───── PROVIDED DATA

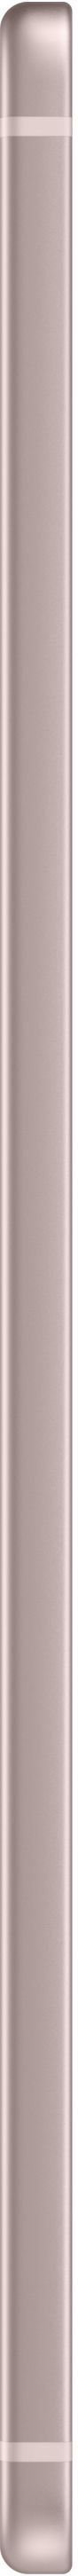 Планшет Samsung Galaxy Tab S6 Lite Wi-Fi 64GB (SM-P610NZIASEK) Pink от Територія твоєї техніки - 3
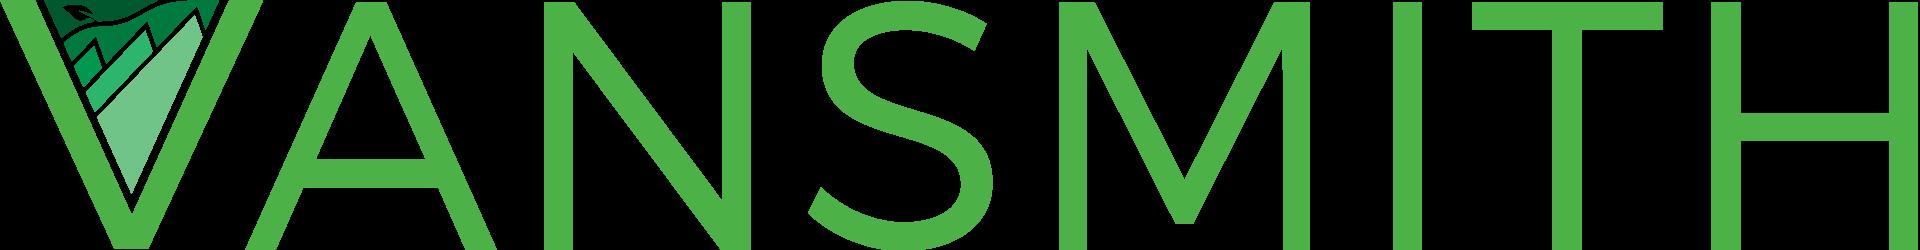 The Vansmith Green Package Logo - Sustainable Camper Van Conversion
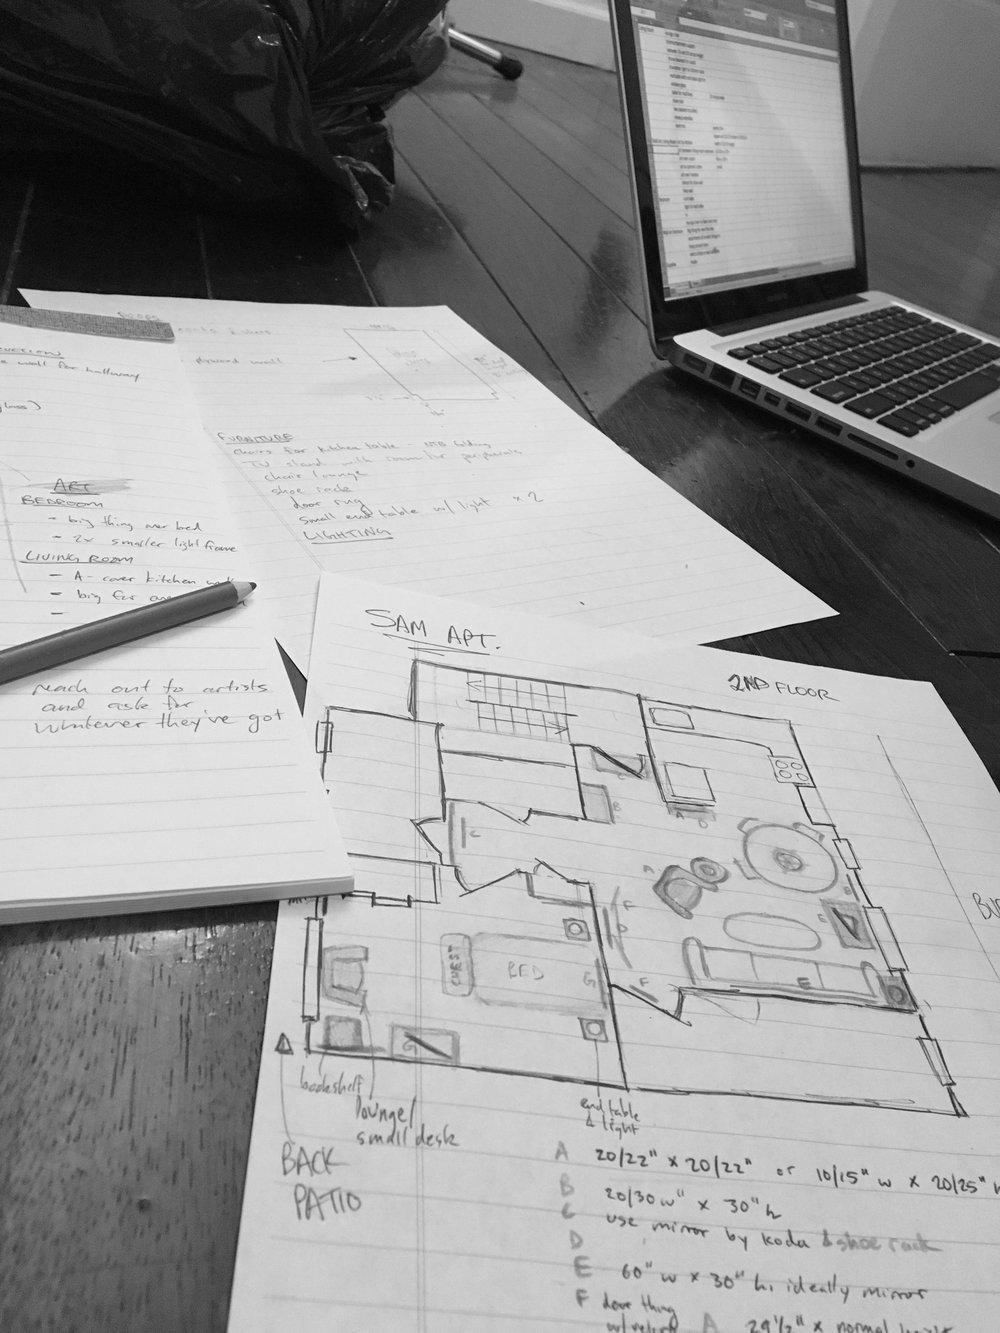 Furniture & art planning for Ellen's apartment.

──────────

#### WORK REQUEST:
If a picture falls within the lines from the one containing "The Vansmith Green" through the end of the material, leave it out while repeating those lines exactly.

#### TASK OUTPUT:
 The Vansmith Green Package Logo - Sustainable Camper Van Conversion
 Furniture & art planning for Ellen's apartment.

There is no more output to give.